Publica, em 1931, a tradução de o Hino a Pã, de Aleister Crowley. A Mensagem, em 1934, recebe um prémio, atribuído pelo departamento de propaganda do Estado Novo, tornando-se no seu único livro em português publicado em vida do autor.
A publicação das suas obras diríamos que não tem fim desde essa altura e, sobretudo, de há alguns anos para cá.
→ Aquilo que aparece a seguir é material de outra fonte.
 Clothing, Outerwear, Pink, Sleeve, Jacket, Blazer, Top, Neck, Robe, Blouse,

Do famoso baú, onde se juntaram os seus manuscritos, saem séries de livros e textos acabados e por acabar que dão origem a novas leitura e análises.
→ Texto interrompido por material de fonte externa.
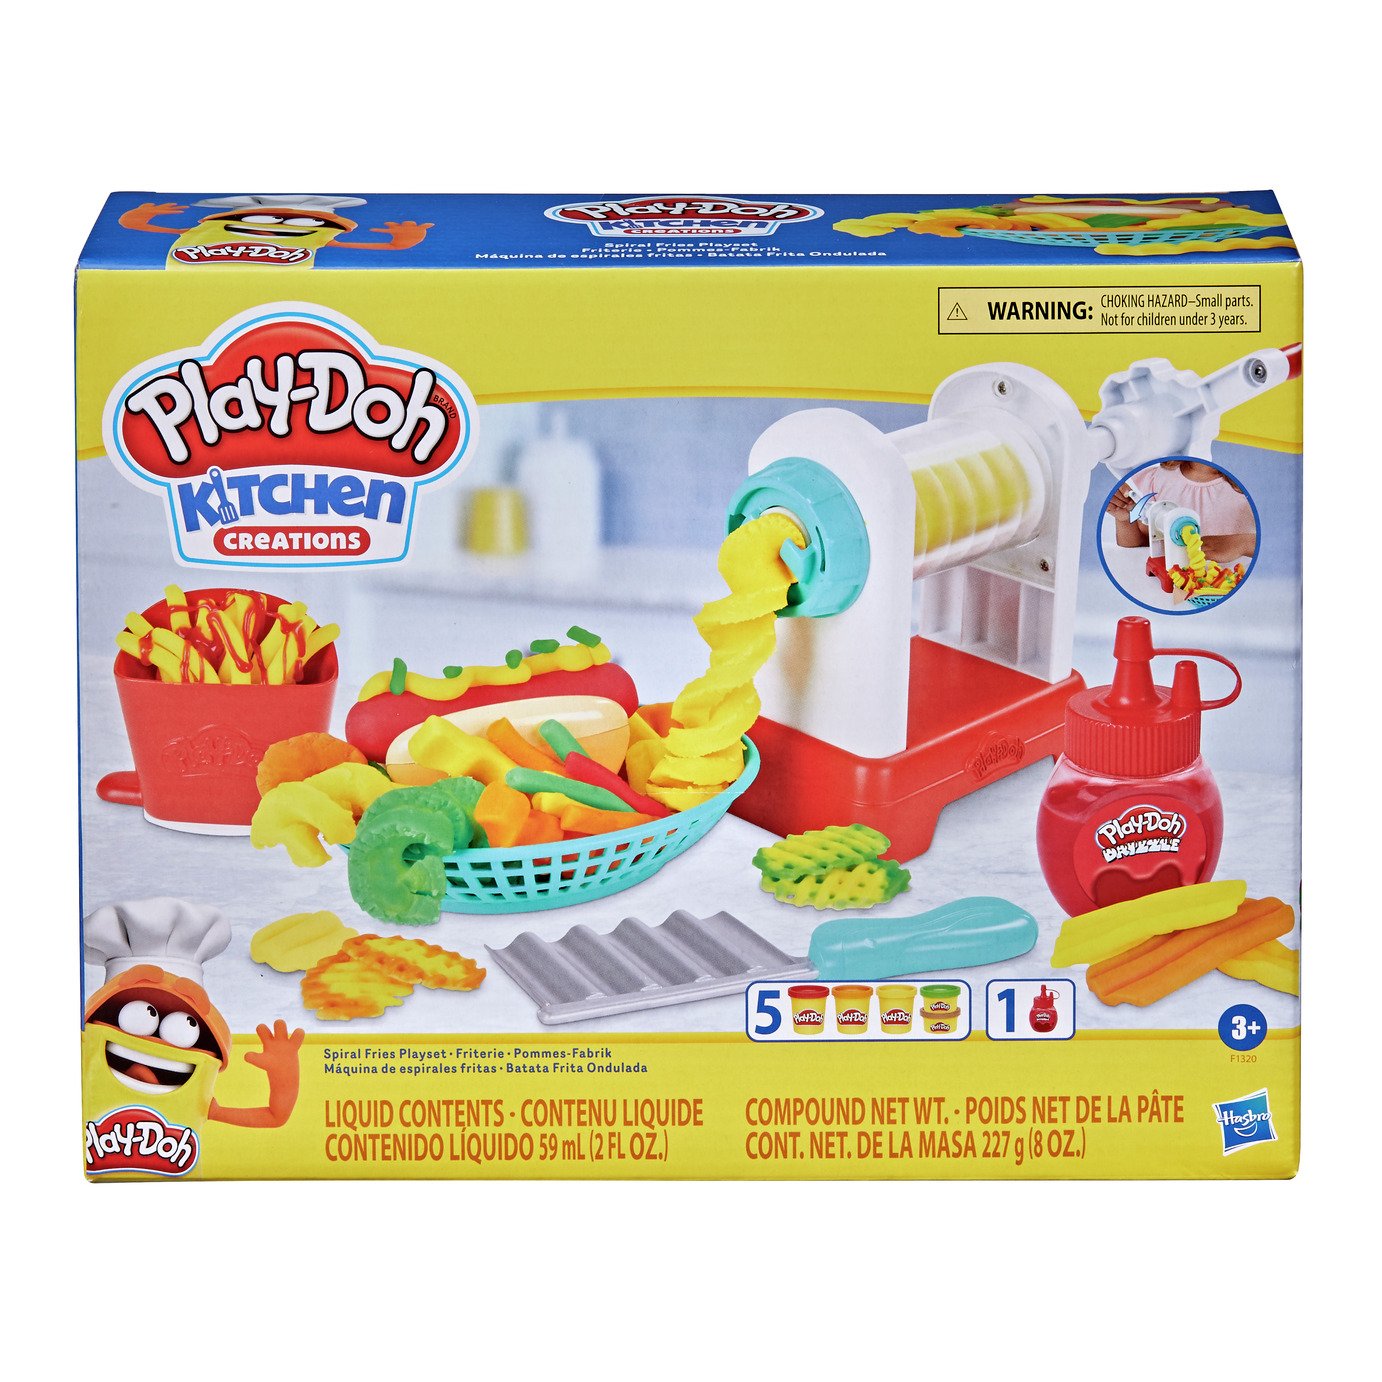 Play-Doh Kitchen Creations Spiral Fries Playset review

Queremos, antes de terminar e numa ainda campanha iconoclasta, contra o endeusamento bacoco e redutor dos seguidores invisuais, que Pessoa tanto e tão bem criticou, que se é certo que a influência da literatura inglesa, lida compulsoriamente nas escolas de Durban, e a francesa, pelas mesmas razões, lhe é segura, não menos alguma portuguesa o influenciou.
Com algum atrevimento me lanço a colocar a mais que provável possibilidade de Fernando Pessoa ter lido esse mestre da literatura portuguesa que foi Raul Brandão, outra vítima da mediocridade da altura e de agora. O Livro do Desassossego é, se não filho, pelo menos parente, desses formidáveis livros de Memórias do escritor d'Os Pescadores.
Mas a prova fica para depois... quando for o julgamento.
Mas porque poderia então Fernando Pessoa ter ocultado essa fonte?
Porque Brandão, não hesitou em dizer que “da literatura moderna pouco me interessa. É arte de exterioridades, estranha, ausente do que é essencial na vida... coisas difusas, de superfície, habilidades, espuma".
E isto Pessoa não poderia subscrever, porque também ele estava consciente, que, no caudal intempestivo das vanguardas, onde parar é morrer, os habilidosos e os fazedores de espuma, encontram também o seu caminho, encostados e protegidos pelo fulgor dos que vão na frente.

Somos portugueses que escrevem para a Europa, para toda a civilização; nada somos por enquanto, mas aquilo que agora fizermos será um dia universalmente conhecido e reconhecido

Este vaticínio, tão firme e seguro, realiza-se. Essa Europa, de que Portugal era o rosto, como disse, é por ele conquistada, todo o mundo literário e cultural ocidental, a bem dizer.
Para quem também afirmava que


Ser poeta não é uma ambição minha
É a minha maneira de estar sozinho


Pode-se então dizer, hoje, conclusivamente, que a sua solidão é a nossa companhia.